* [Source data]
★ ★ ★ ★ ★ ★ ★

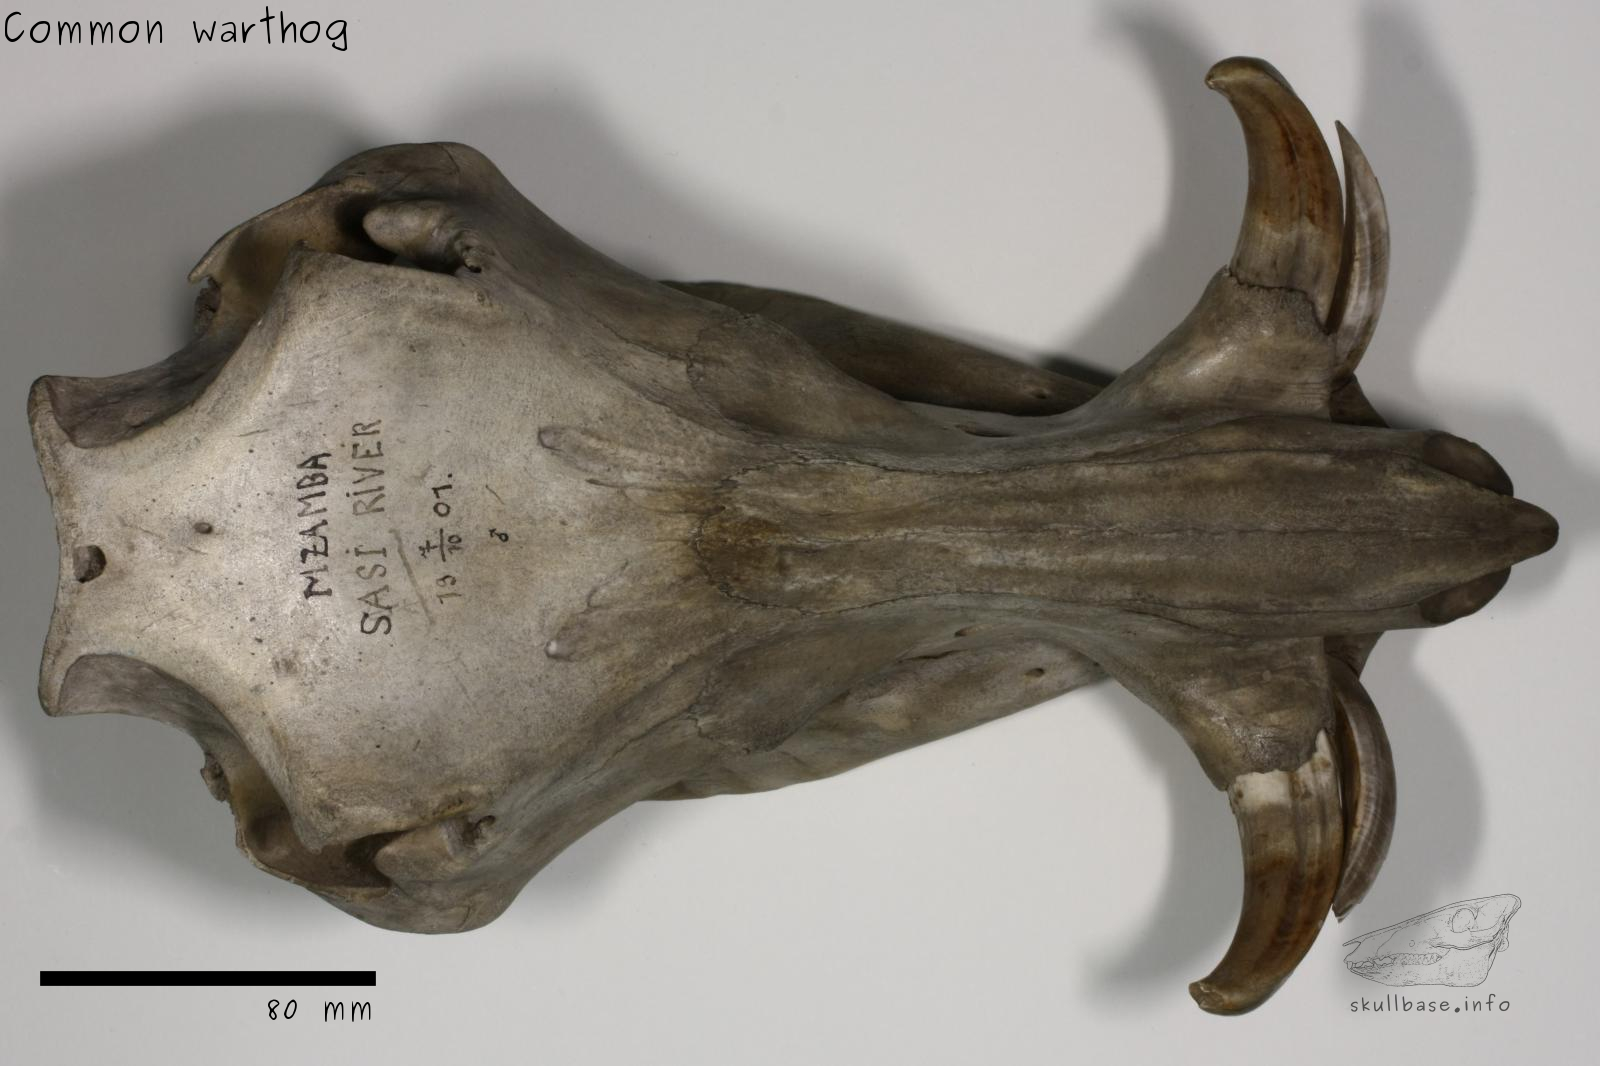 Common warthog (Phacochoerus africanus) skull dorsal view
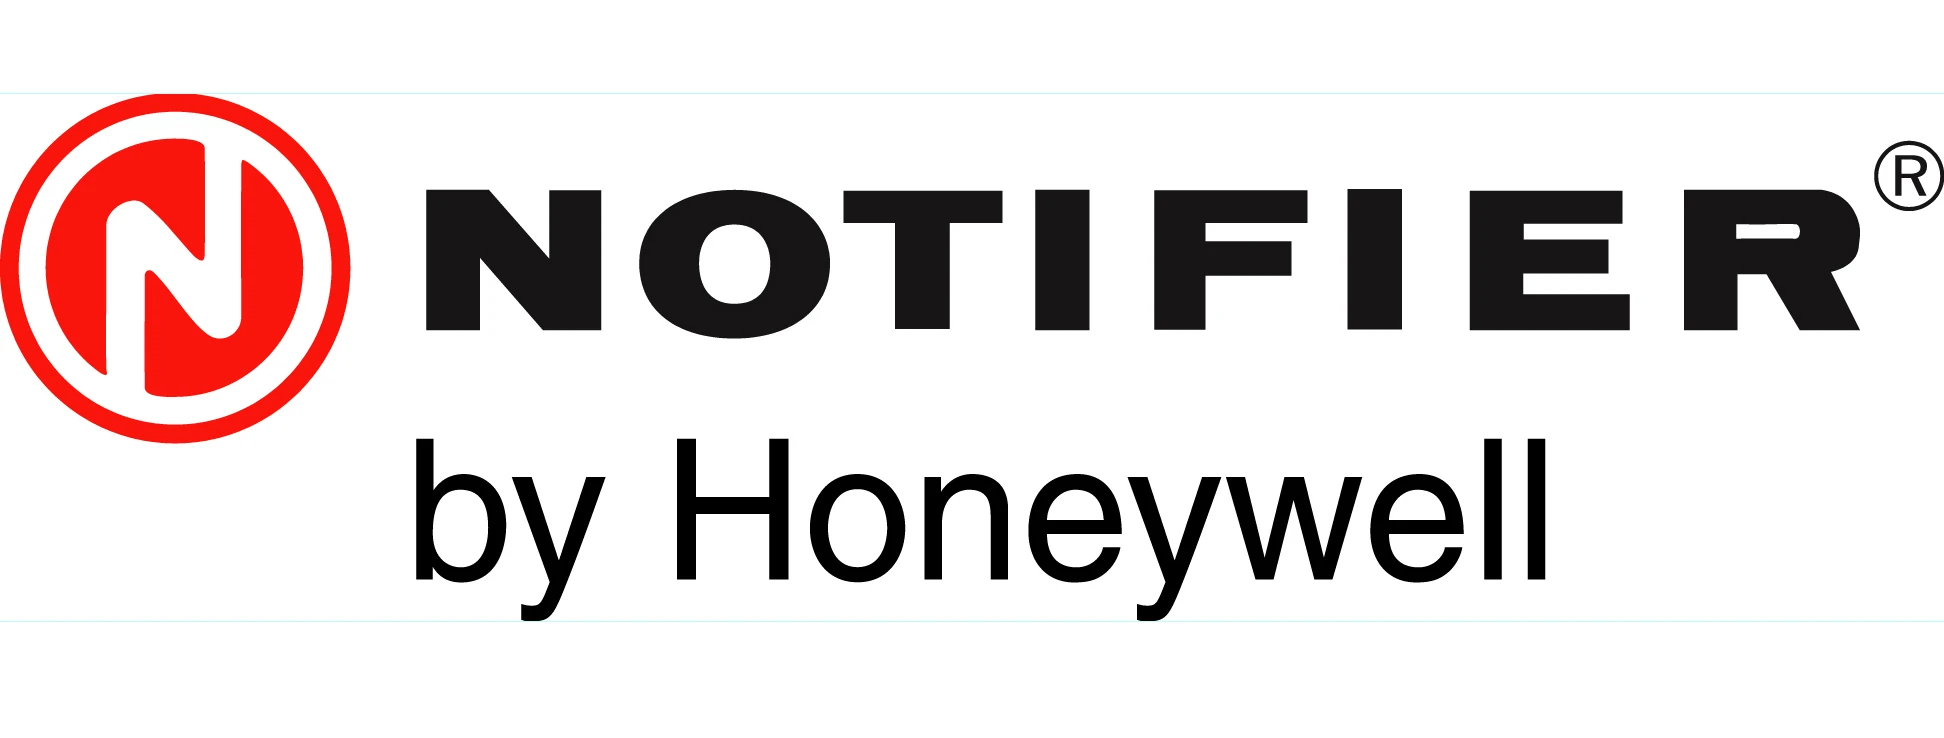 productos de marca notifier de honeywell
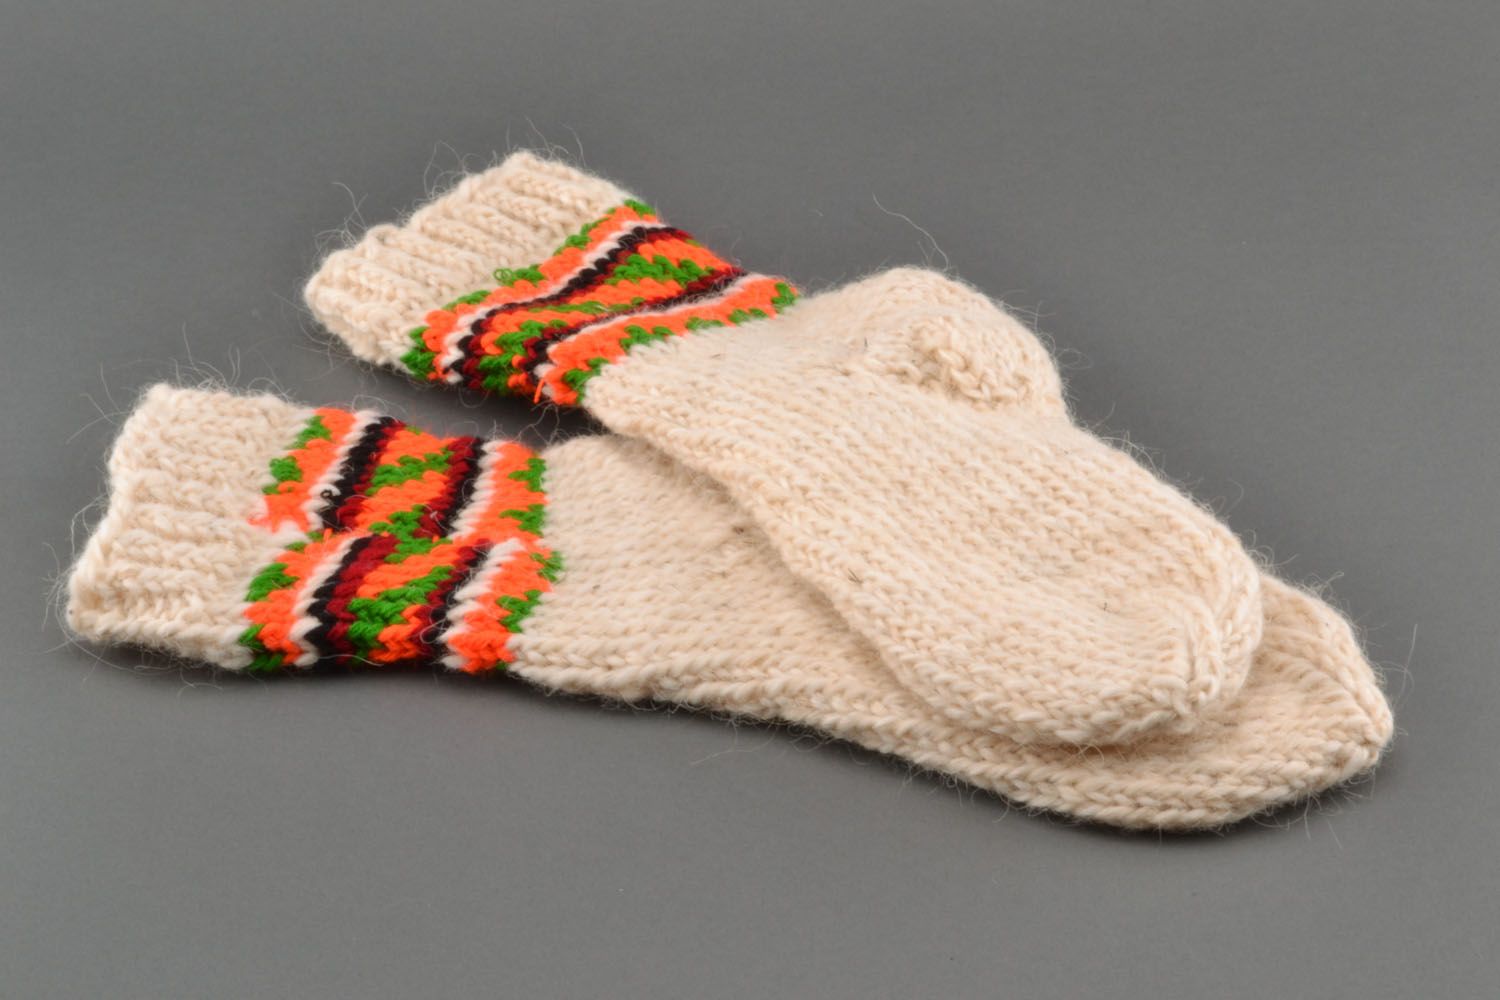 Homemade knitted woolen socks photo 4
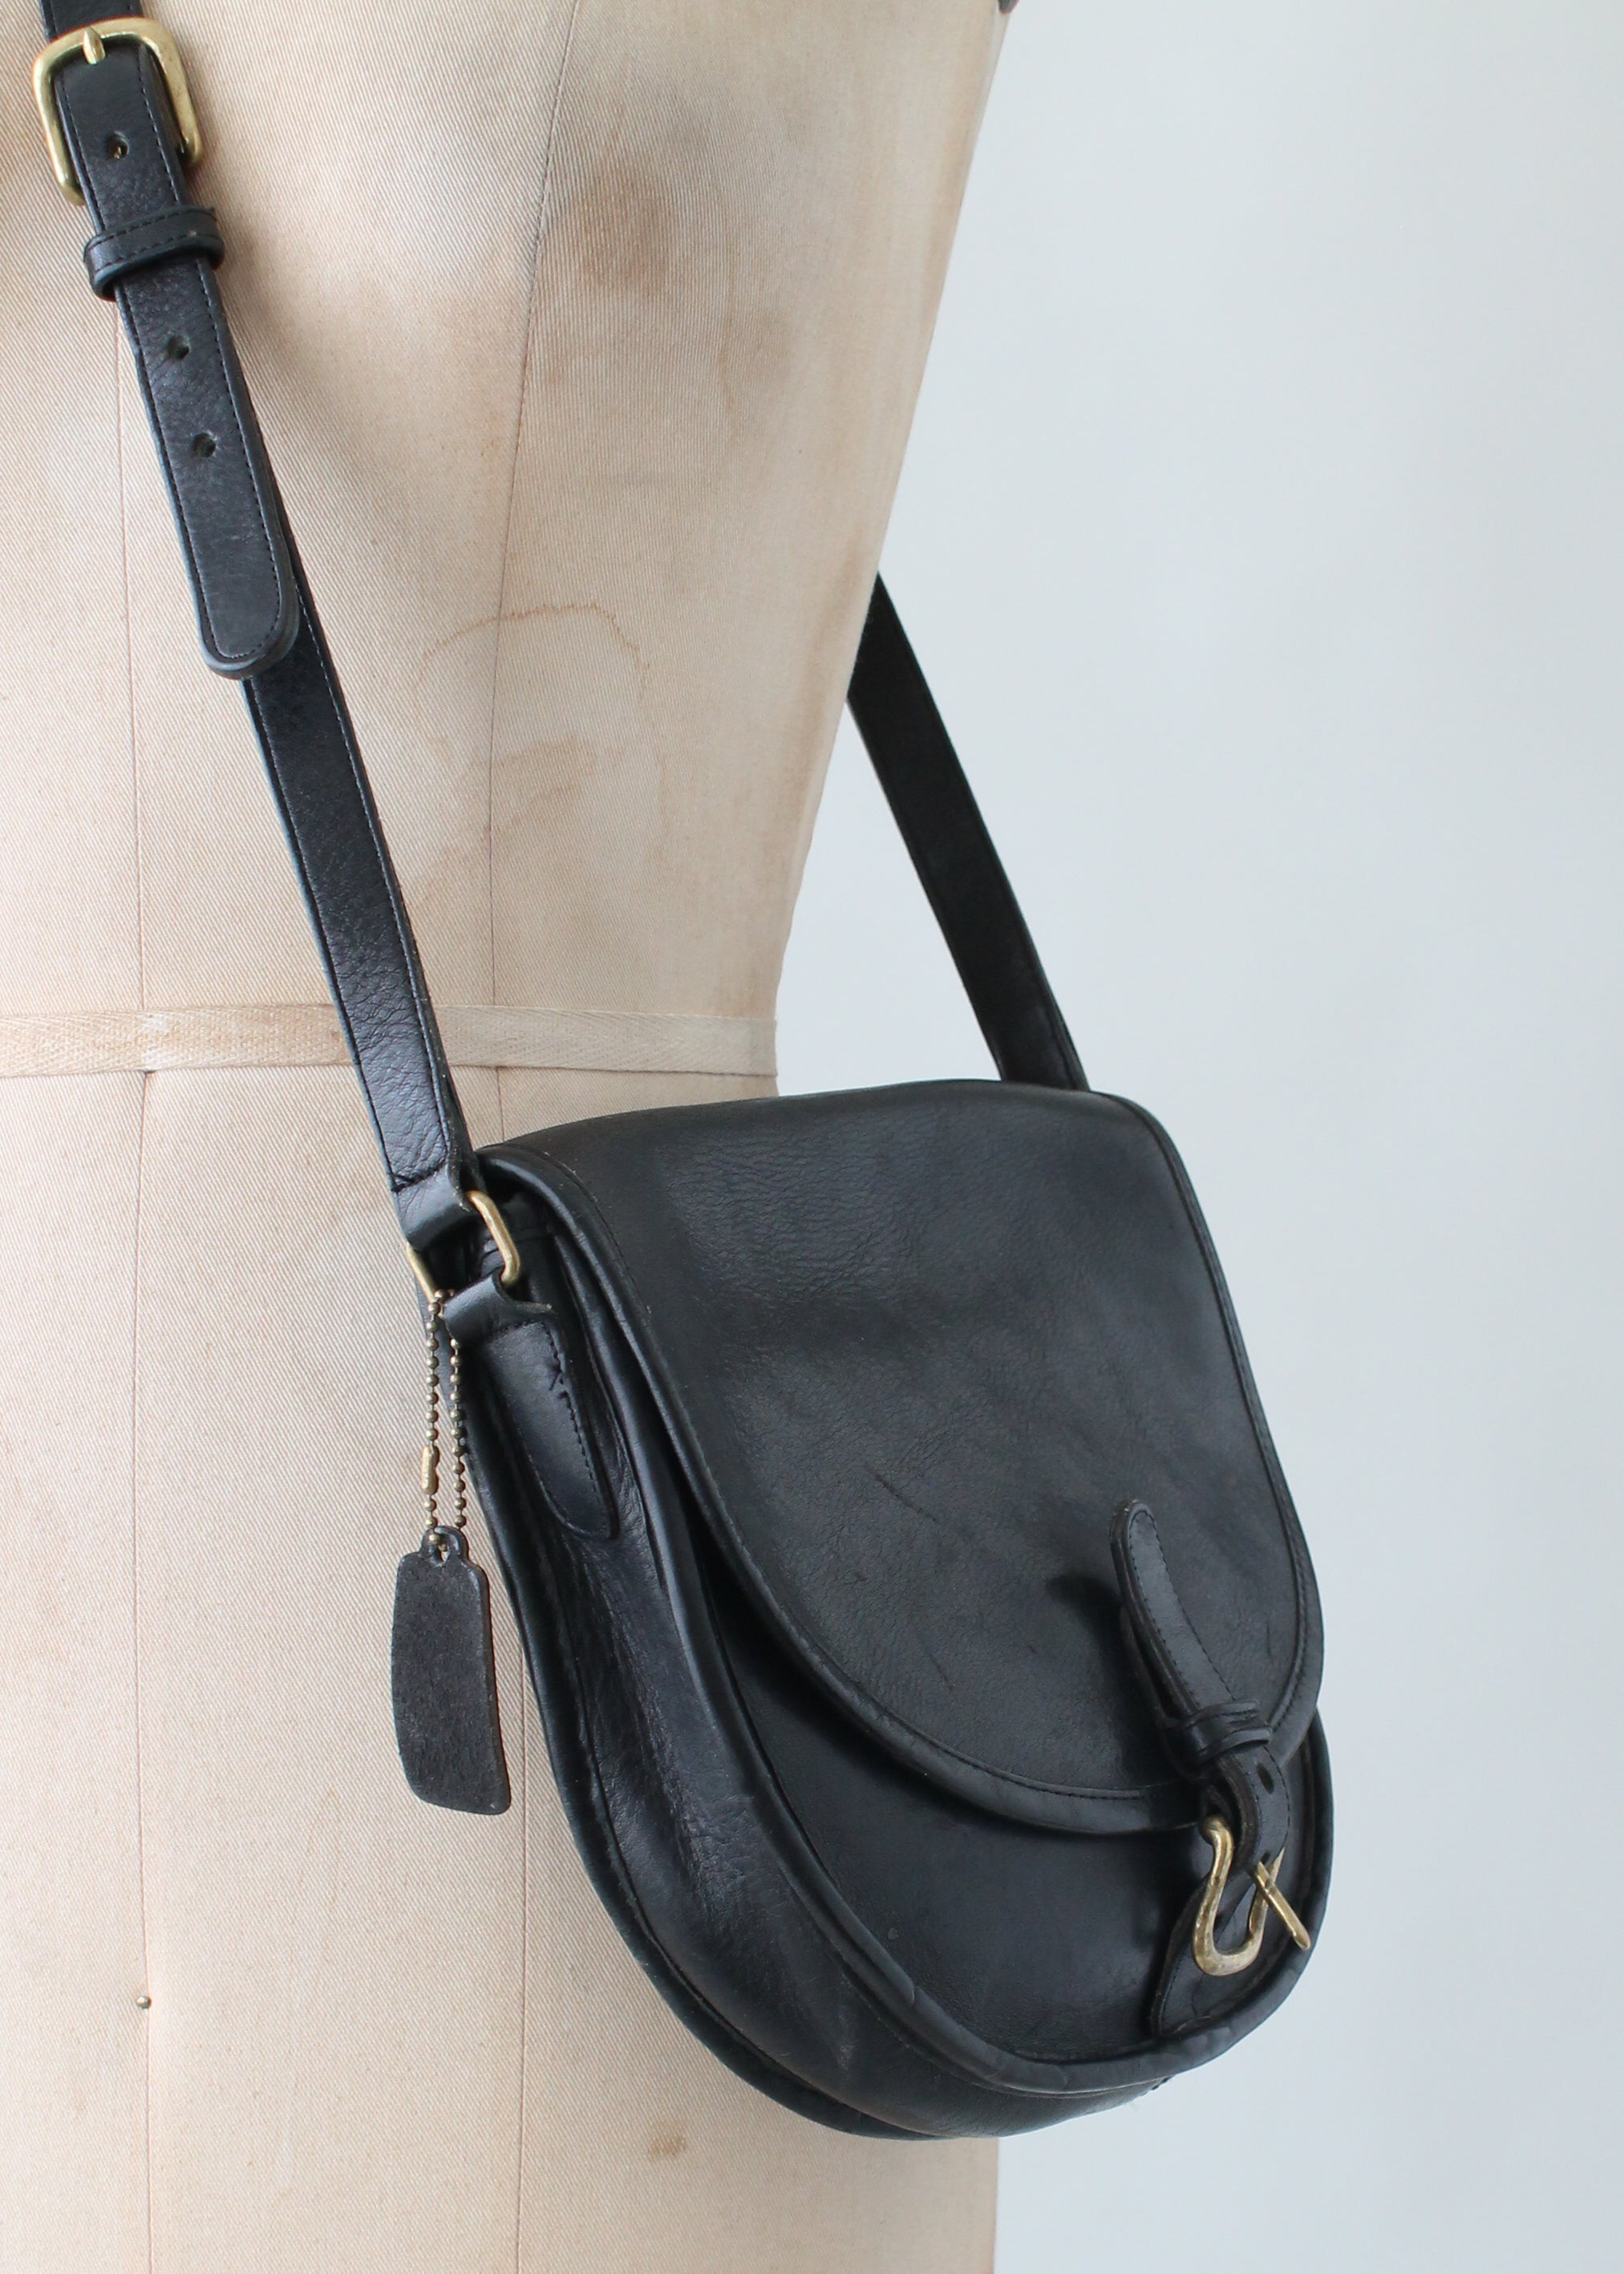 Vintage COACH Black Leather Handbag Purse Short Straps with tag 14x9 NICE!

★ ★ ★ ★ ★ ★ ★

* [Exercise goal] Output the line containing "productos de marca notifier de honeywell" and each line after it, through the end of the material, exactly as given. No pictures belong in the output.

* [Answer to the problem]
 productos de marca notifier de honeywell
 Homemade knitted woolen socks photo 4
 Vintage COACH Black Leather Handbag Purse Short Straps with tag 14x9 NICE!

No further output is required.